Scoble: Yeah, those are farther away.

Bishop: Yeah.

Scoble: People ask me that all the time — when are we going to get contact lenses, or when are we going get brain jacking in. I mean, if you are blind you are already getting brain jacking in. It cost $150,000 to have surgery like that. And it comes with some downsides, because you are going to touch the optic nerve. And if they do that wrong well, it’ll screw stuff up, but if you’re already blind you are willing to take those risks because you are going to get sight maybe where you don’t have any sight today. And those techniques will lead down the path to figuring out how to jack in for far less money. But, that’s down.

Bishop: Down the road.

Scoble: It’s like 15, 20, 25 years. I can’t see that far. We all know it’s coming. But, you know — when? But the next decade is going to be about glasses. I don’t see how you’re going to do anything other than glasses in a mass market way anytime soon.

Soper: I’m think I’m still one of the skeptics. Let’s talk about Google Glass little bit, because we were talking about this last night. And you’ve tried the Google Glass. There is a famous picture of you in the shower with them.

Scoble: Yeah.

Soper: What was wrong about those, both from maybe hardware and software and why is it different now with all these other new specs?

Scoble: First of all, what’s coming on the market is completely different than Google Glass. Google Glass was just a little small screen up on the corner of your eye that would show you notifications, like you know, take a left turn on this corner. Or, hey your wife just wrote you on Facebook messenger. Real lightweight, not what we are talking about. What we are talking about mixed reality is you’re going to be having Aliens coming out from your walls. That all ready happens with my Hololens.

Bishop: That happens every night at my house.

Scoble: Well, you know.

Bishop: Or is that — that’s something else though.

Scoble: You know, it is legal in Seattle!

Scoble: These glasses that are coming put virtual stuff on top of the real world. The Google Glass didn’t do that, and that’s part of the problem with Google Glass. The night I got them home, my wife said ” oh, do these show me anything about the people I’m going to meet?’ Because that’s the expectation, that it’s going to overlay information about things, and people that you are looking at. And the glasses will do that, that are coming out, but not Google Glass. And then Google Glass just was early. The batter life only lasted 45 minutes. The camera on it was compressing in software, so it was blurry. It wasn’t as sharp as a GoPro for instance — blah, blah, blah.

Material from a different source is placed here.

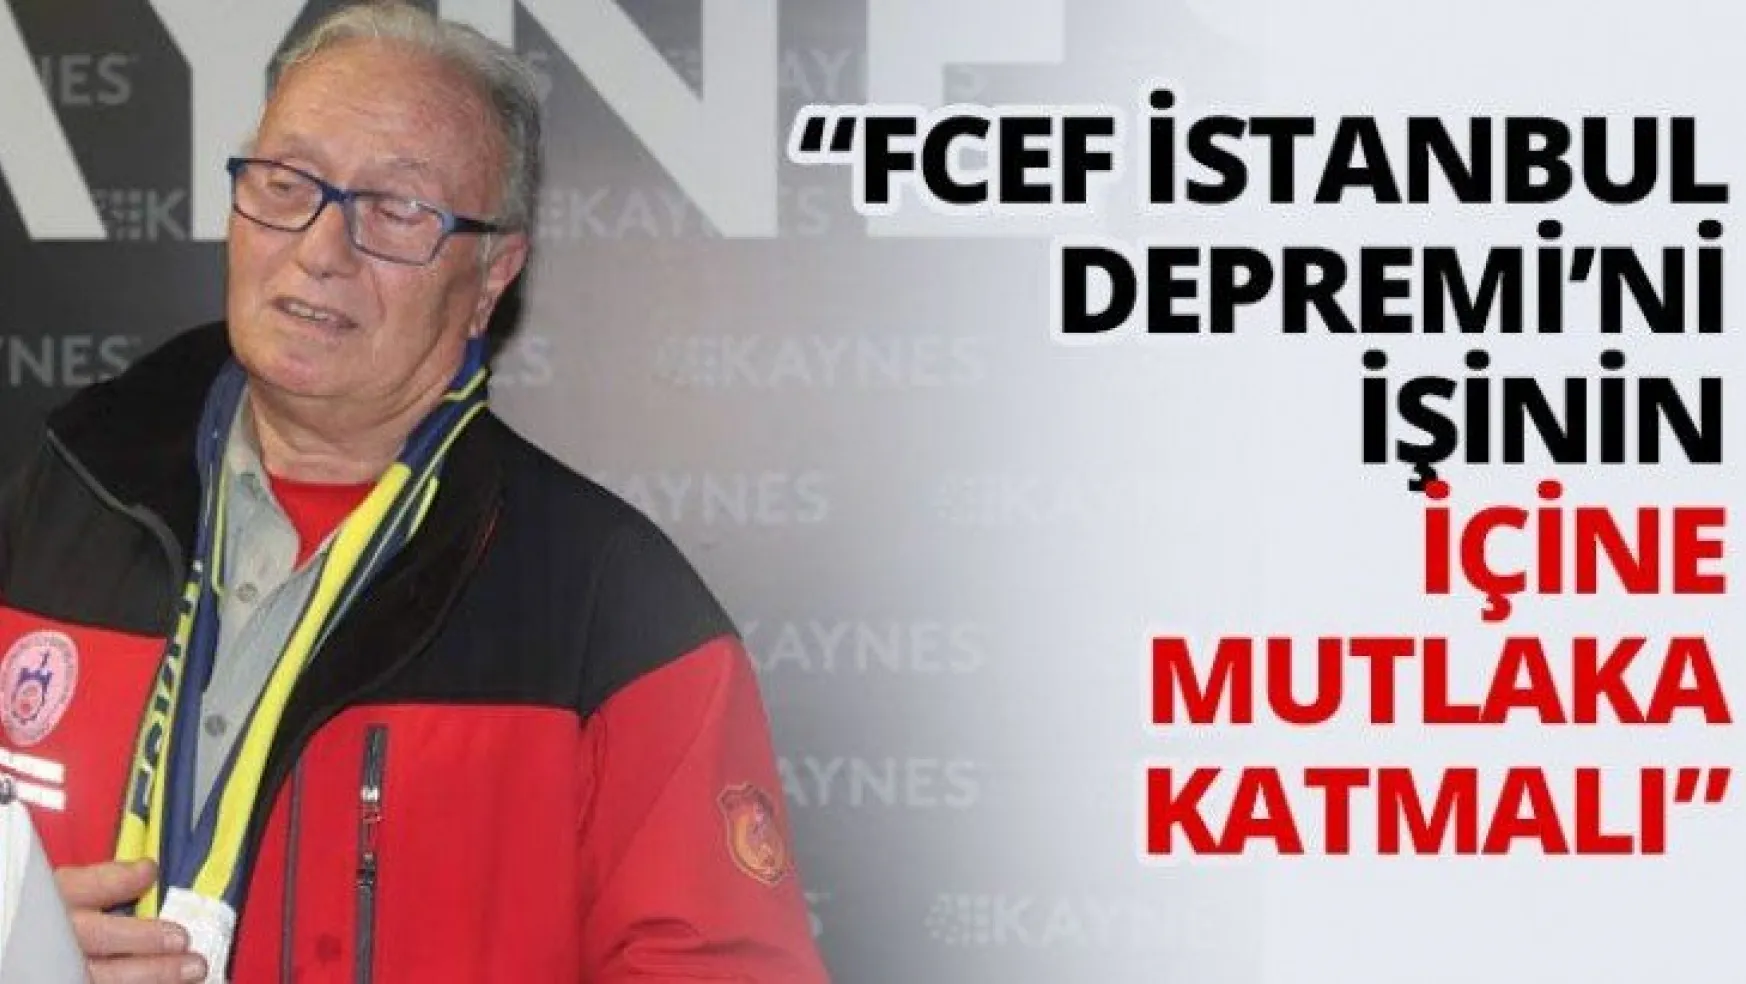 'FCEF İstanbul Depremi'ni işinin içine mutlaka katmalı'

Those problems are all going away at some level, or they are going to be avoided. I keep hearing rumors that the Apple glasses have no camera in them other than the 3D sensor, which is a form of a camera. But, we’ll see, you know. Because Apples trying to avoid the privacy problems with these, Right? So we’ll see there is going to be different philosophies. Snap is going to put two cameras in these things and give you 3D.

Bishop: What do you think about Snap, because I think a lot of folks, and of course for people who don’t know this is the parent of SnapChat. They have rebranded themselves as basically a camera company. Which seems a little dubious to me, but do you think — are they a legitimate player in this space? Because it seems like a novelty.

Scoble: The glasses are the best way to create media for snaps. So if you care about looking cool to 20 year olds, you are going to be getting this.

Bishop: Not really.

Scoble: Well you don’t care, but there’s a lot of people out there who do care. There’s a lot of brands who want to meet 20 year olds and talk them into using their toothpaste and stuff like that.

Bishop: I care about 20 year old GeekWire readers.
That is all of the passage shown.